ITWeb: What are the top three opportunities network-enabled computing devices and machine learning technology present to organisations in South Africa?
Mckenzie: Traditionally, the choice has been between embedded solutions that were either difficult to customise or not customisable at all and a small-footprint computing platform that, whilst customable, tended to be expensive.
IOT allows the possibility to add intelligence at a much lower cost. These devices now communicate using standard network protocols which allow for the real-time collection of data on an unprecedented scale. The combination of smart, networked devices and machine learning allows you to build real-time predictive models that can be used to drive decision-making at a pace that was previously difficult to achieve.
ITWeb: Can you highlight three challenges specific to these technologies?
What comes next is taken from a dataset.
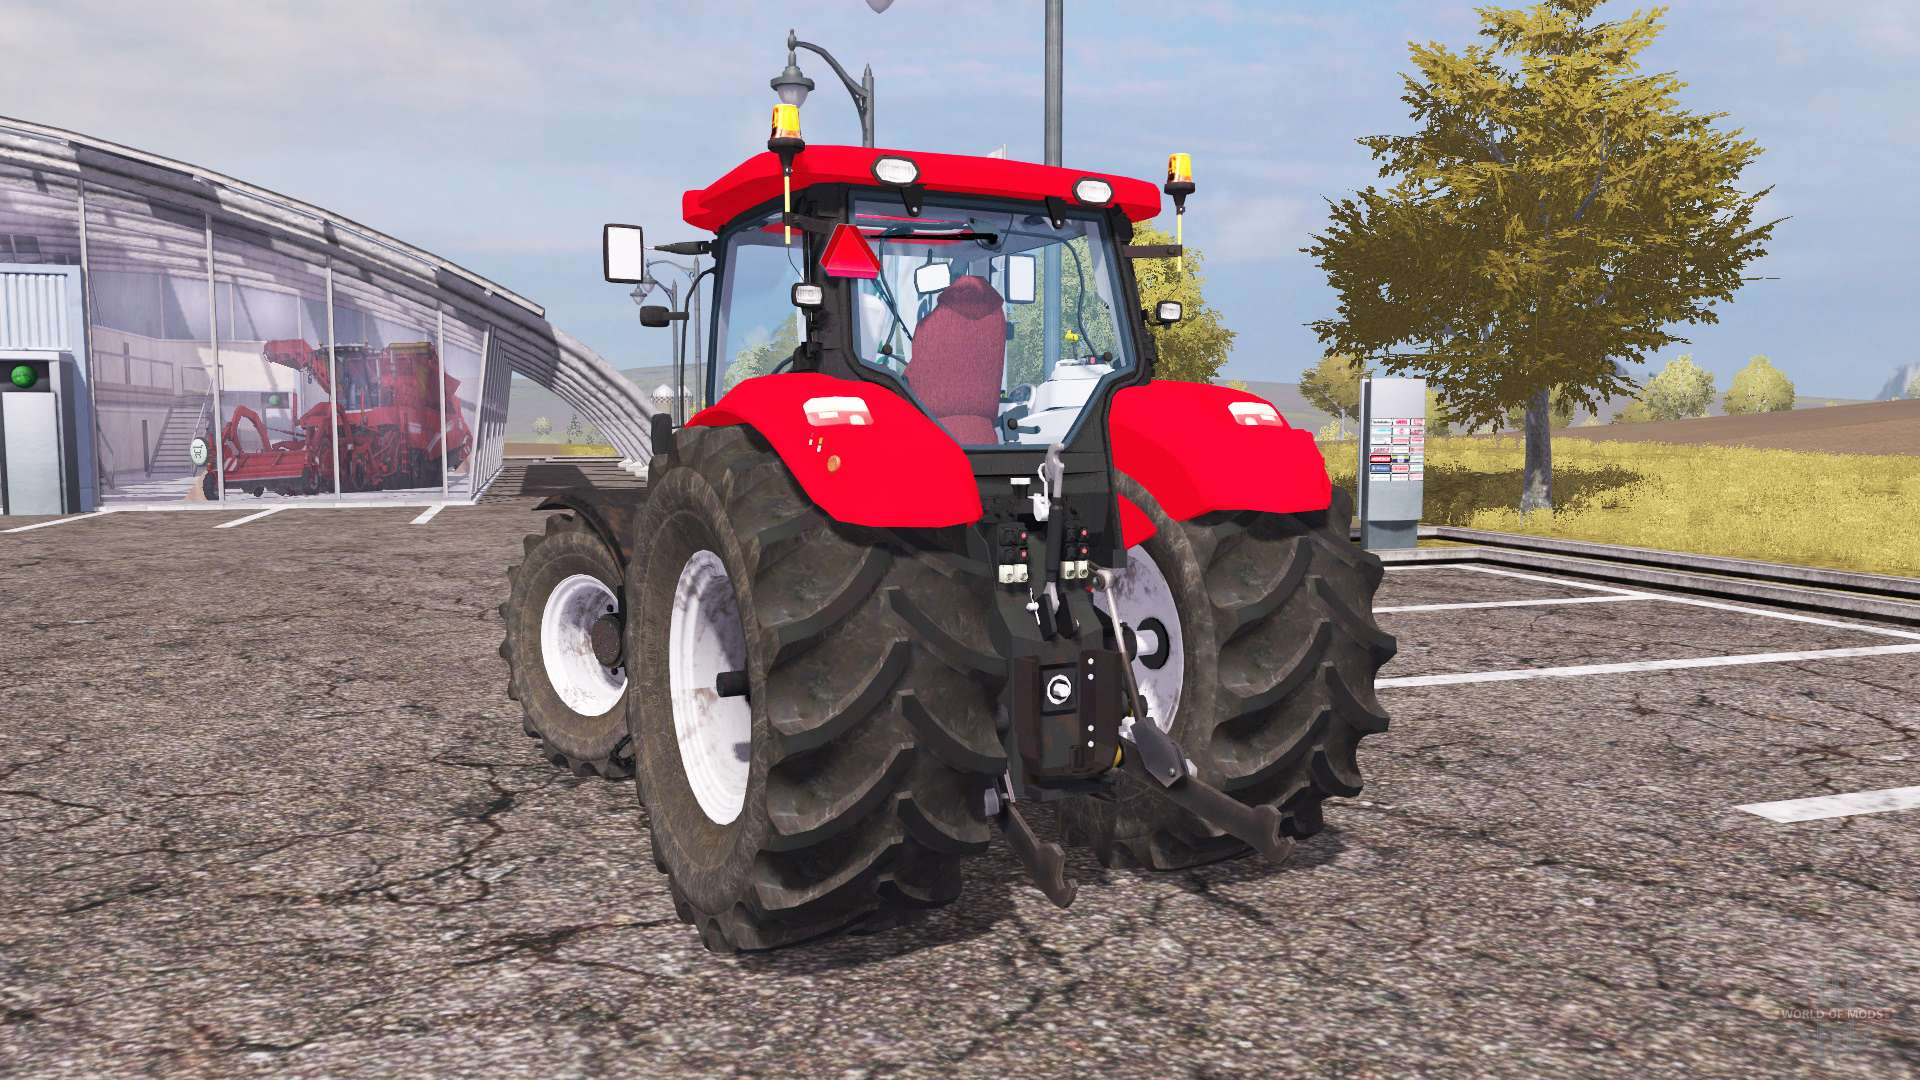 Mtx 135 for farming simulator 2013 mccormick mtx 135 for farming simulator 2013 publicscrutiny Gallery

Mckenzie: Challenges that arise from these technologies include security and privacy concerns, maintenance of the distributed software platform and dealing with the huge volumes of data that are generated.
ITWeb: What important points would you like organisations to consider in terms of managing the risks when it comes to IOT and machine learning?
ITWEB: What key points would you like the delegates attending the Enterprise Mobility event to take away with them?
Mckenzie: Firstly; that IOT and ML solutions can unlock new business models and opportunities; secondly solutions can be built using IOT and ML technologies today and lastly that in many cases using skills that you already have access to. The risks associated with these projects are manageable if you consider them up front.